Ground operations, air strikes kill 72 IS fighters in E. Afghanistan

2016-06-25 13:18:36 GMT2016-06-25 21:18:36(Beijing Time) Xinhua English

KABUL, June 25 (Xinhua) -- Militants loyal to the hardliner Islamic State (IS) group have suffered major setback in the eastern Afghan province of Nangarhar as up to 72 of its fighters have been killed over the past two days, officials said on Saturday.

In the latest strike against the extremist group, 42 combatants were killed and 32 others injured as unmanned planes pounded their hideouts in the mountainous Kot and Achin districts along the border with Pakistan's tribal area on Saturday, spokesman with 201 Silab Corps Captain Shir Agha told Xinhua.

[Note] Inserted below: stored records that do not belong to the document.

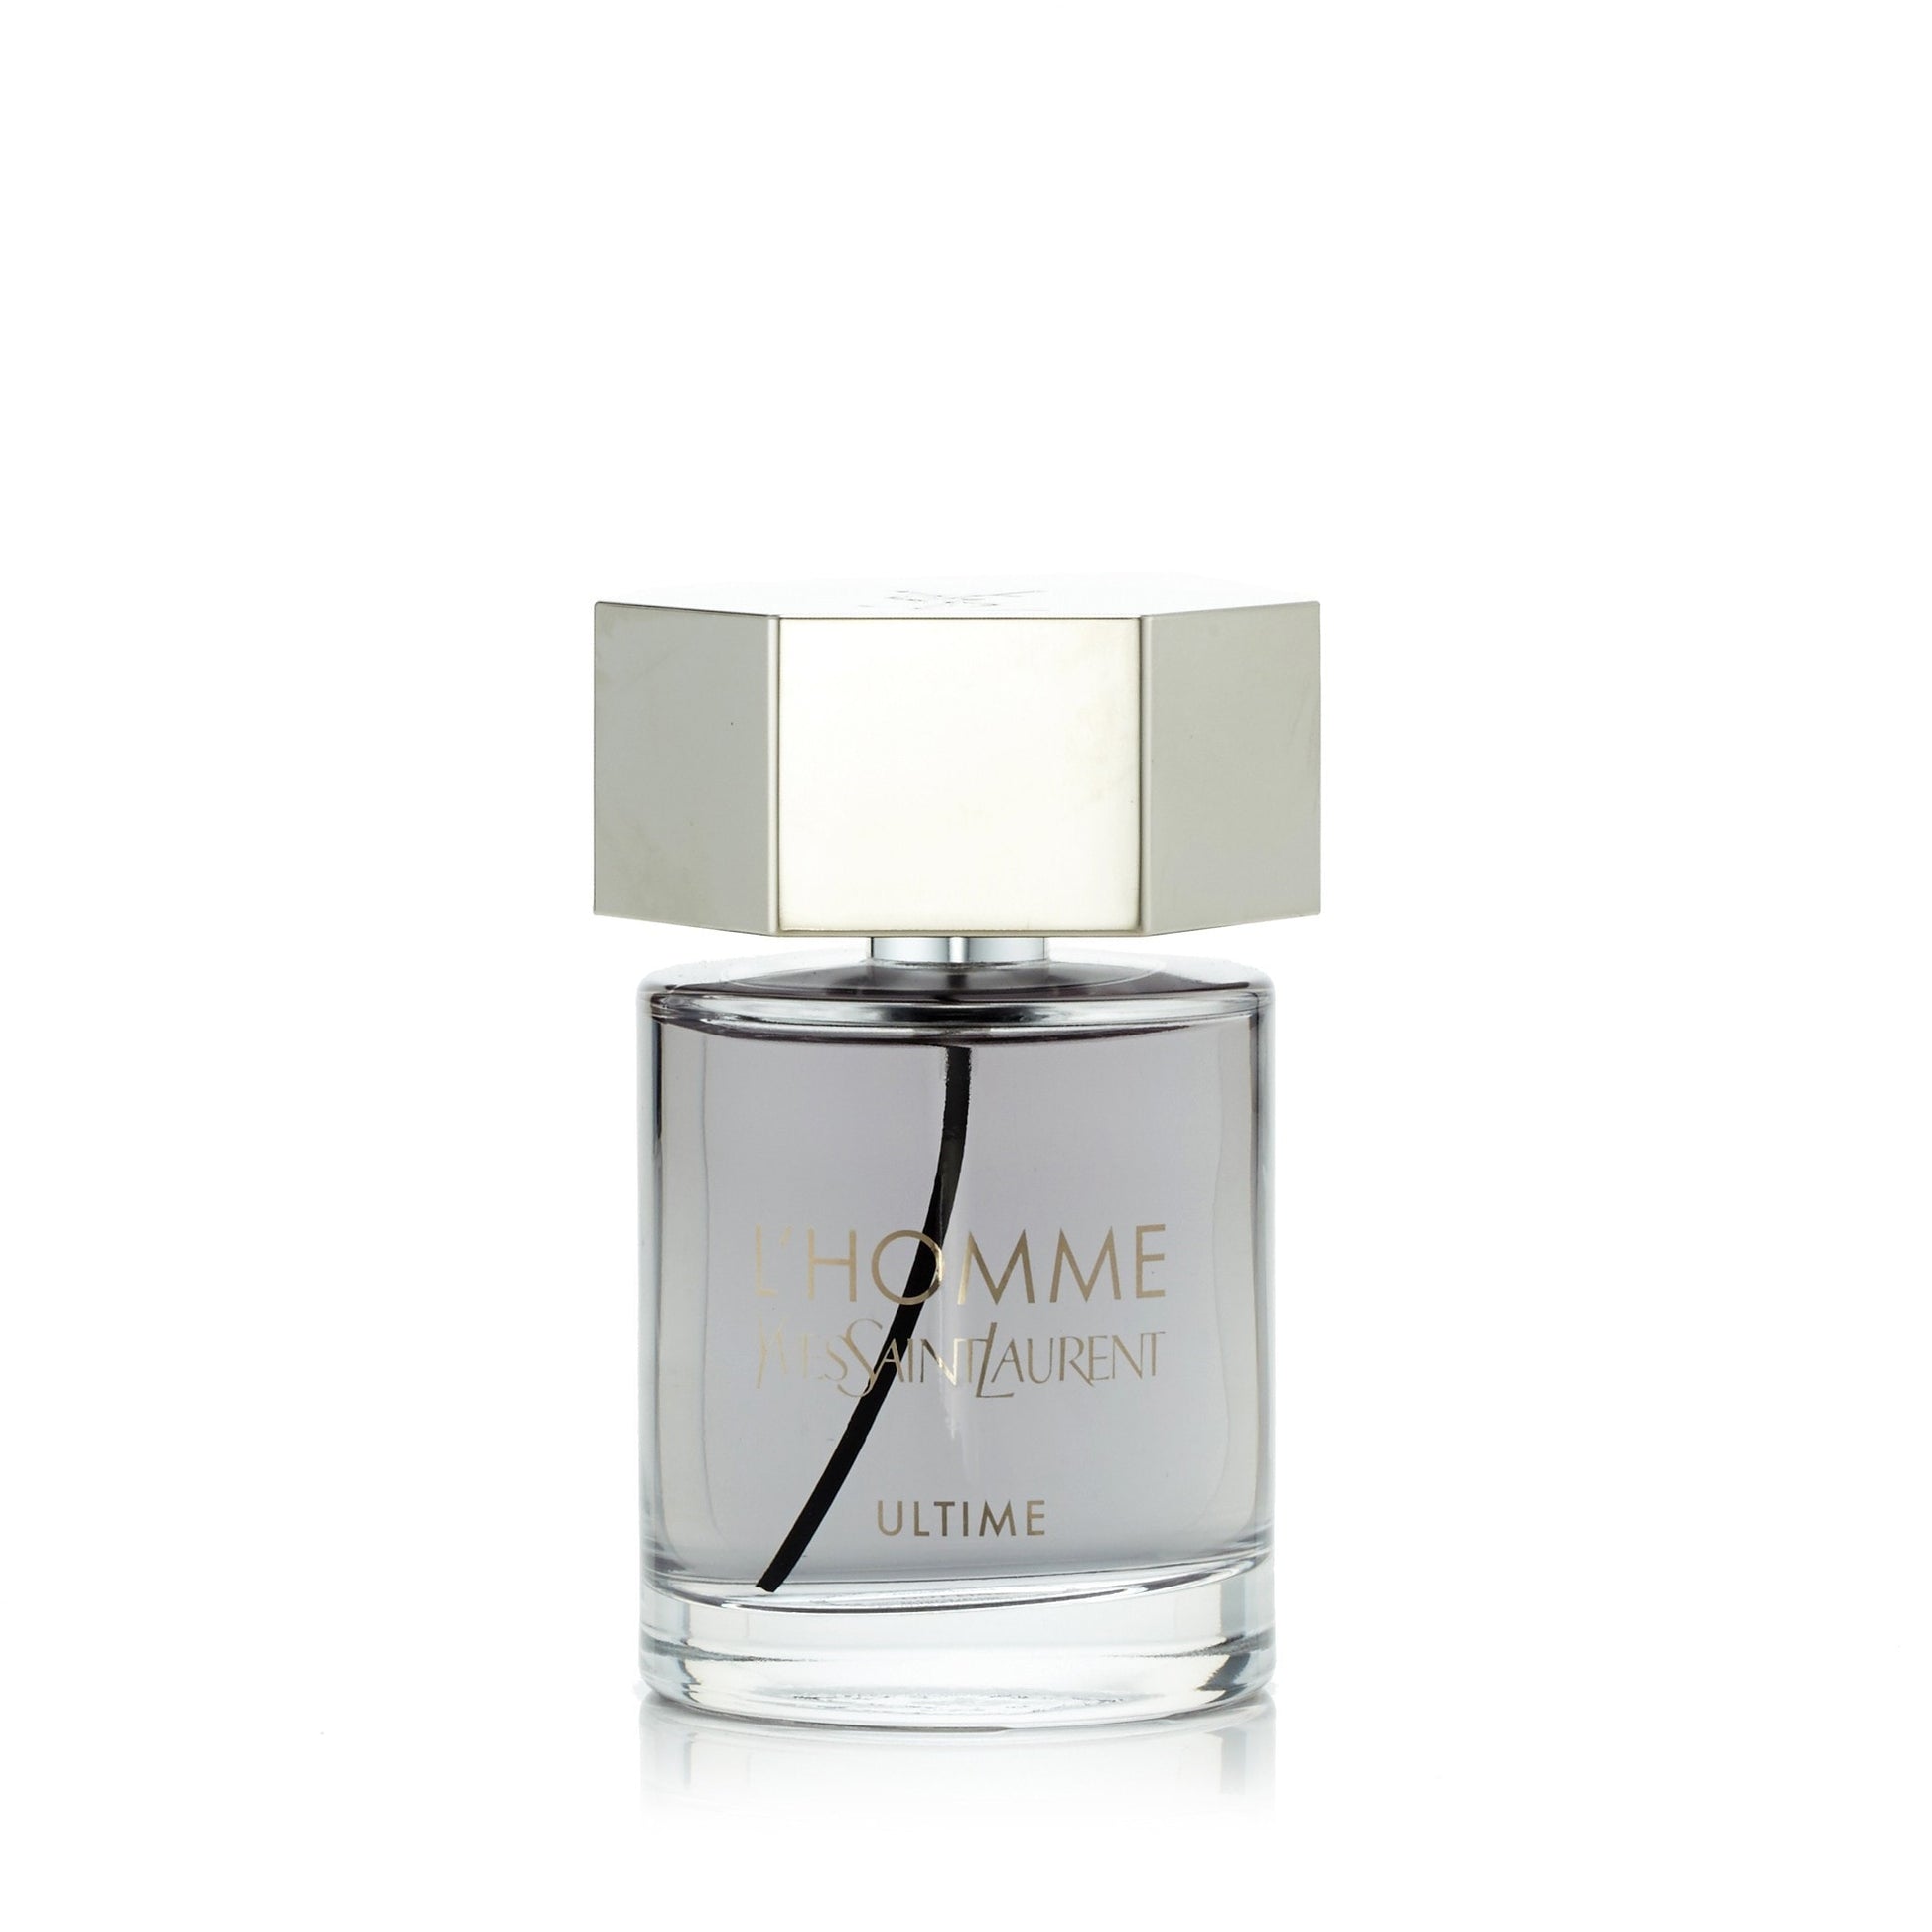 L'Homme Ultime Eau de Parfum Spray for Men by Yves Saint Laurent 3.3 oz. Click to open in modal
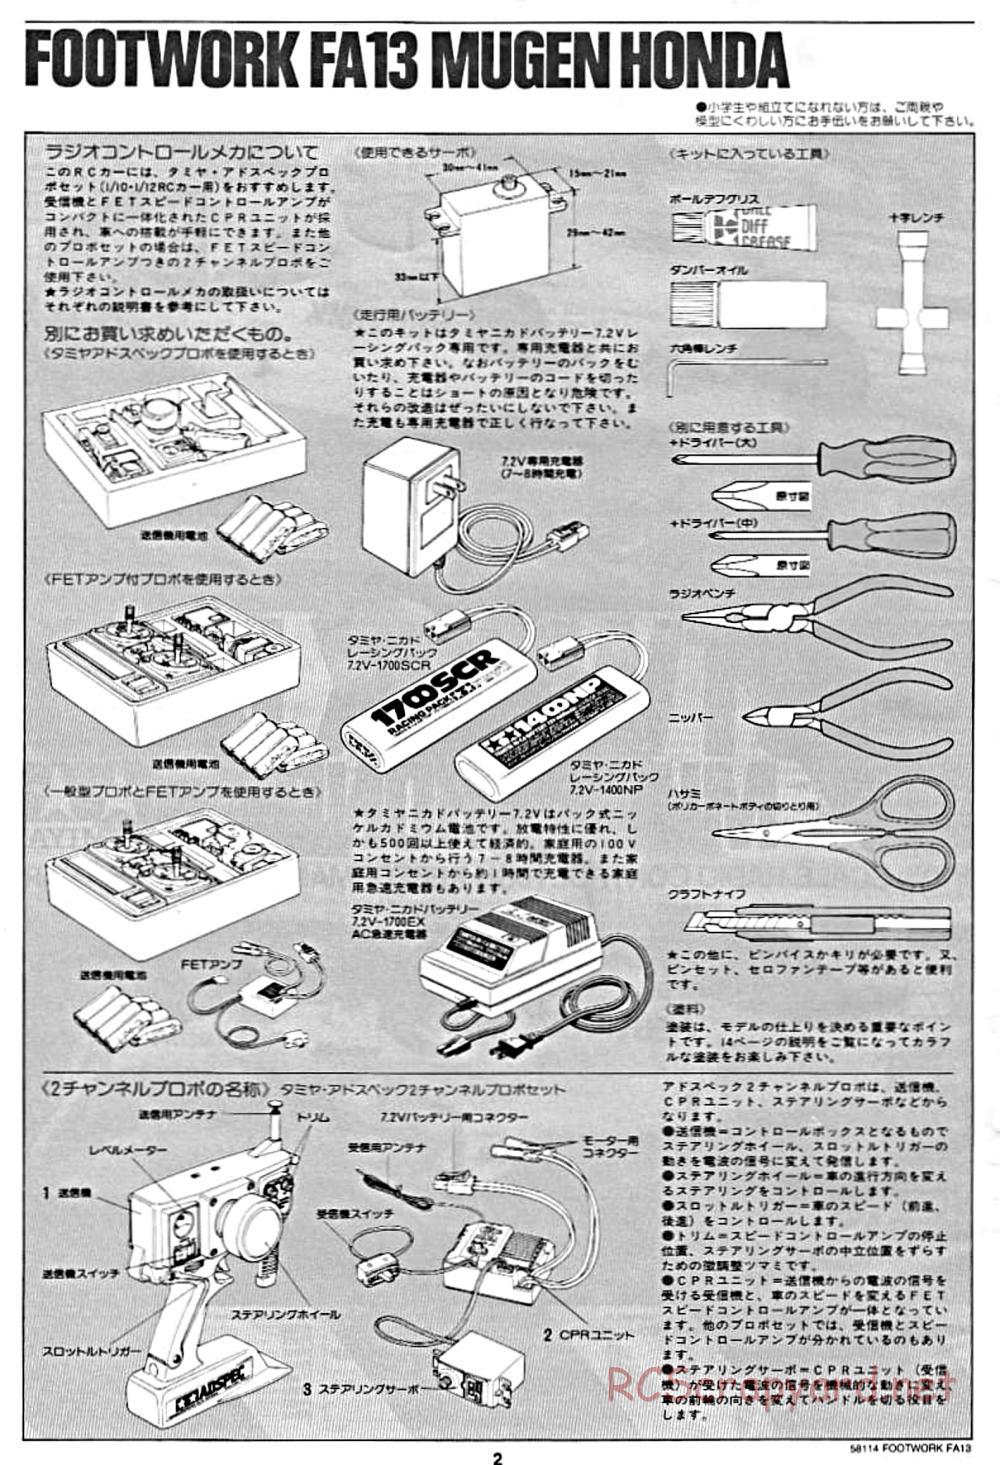 Tamiya - Footwork FA13 Mugen Honda - F102 Chassis - Manual - Page 2
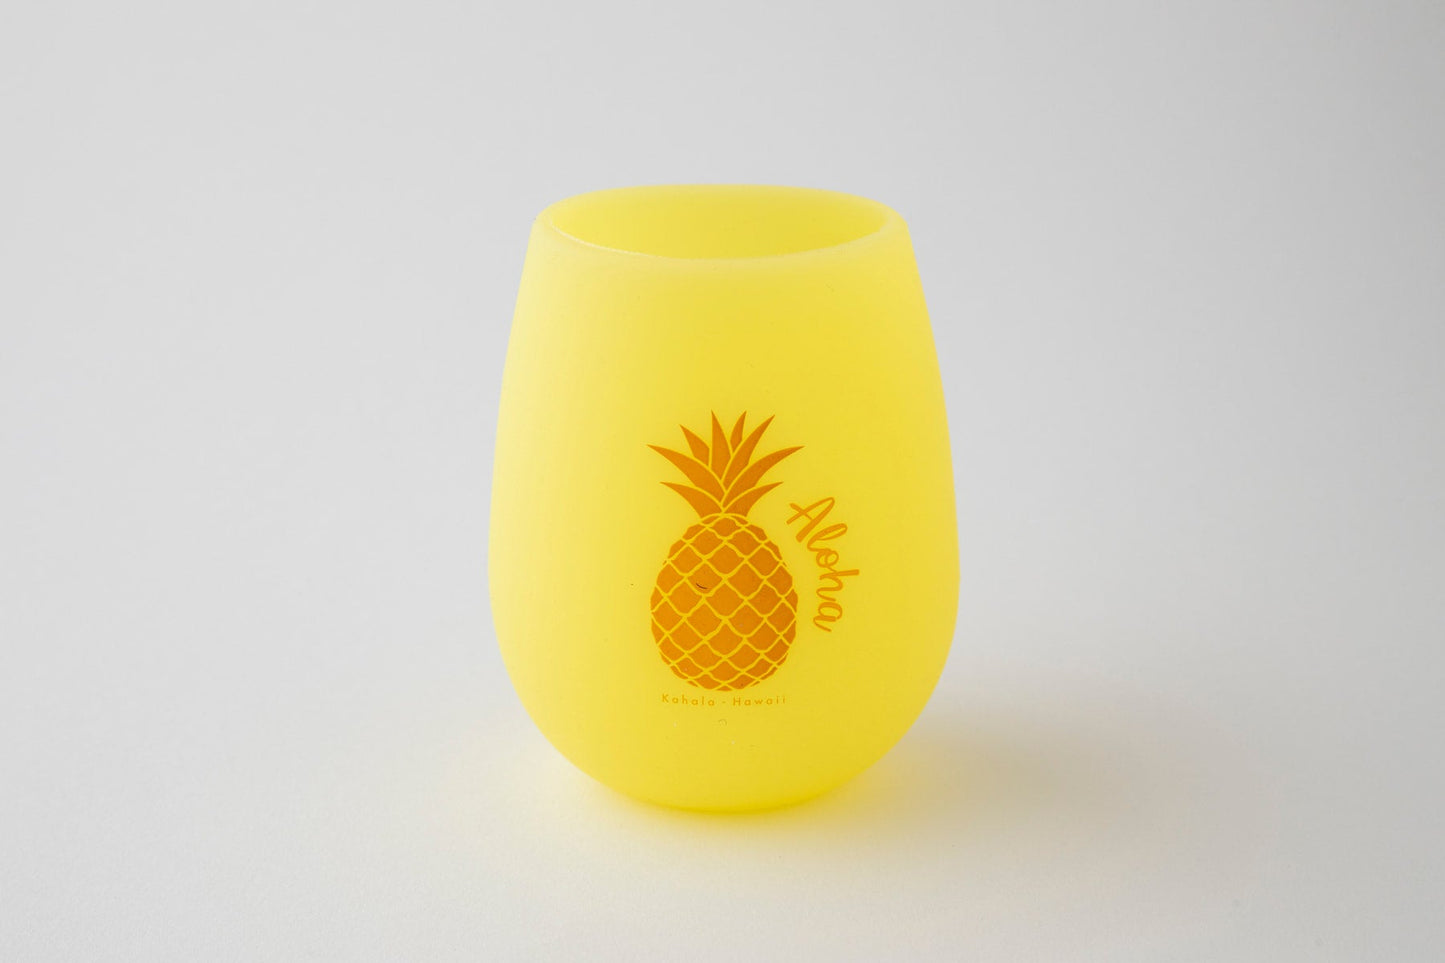 Aloha Pineapple Drinking Cup

He also noted that air raids would continue against the hardliner group to wipe out its fighters from the area.

Surfaced in early 2015 along the border with Pakistan's tribal areas, the IS group has survived government forces continued crackdowns over the past several months.

Drone strikes against IS in the troubled Kot and Achin districts came a day after massive and coordinated attacks on security checkpoints in several villages in Kot district killed locals and destroyed their houses.

At least three civilians, including a child, were killed and 12 others injured in the deadly offensive conducted by IS militants on several villages in Kot district on Friday, spokesman for Nangarhar provincial government Ataullah Khogiani confirmed.

The militants, according to Khogiani, also set on fire 23 houses in the area.

In counter-offensive, the security forces have killed at least 30 IS fighters in Kot district on Friday forcing them to run away, Khogiani said.

This is the first time over the past one year that the IS militants have launched major offensive in the eastern region during which they also committed atrocities including beheading and kidnapping women and children, according to locals.

Meantime, a local on condition of anonymity revealed that the IS fighters have also kidnapped some women and children from the area.

Local observers believed that IS fighters were attempting to intimidate people to expand their footholds in Nangarhar and neighboring provinces.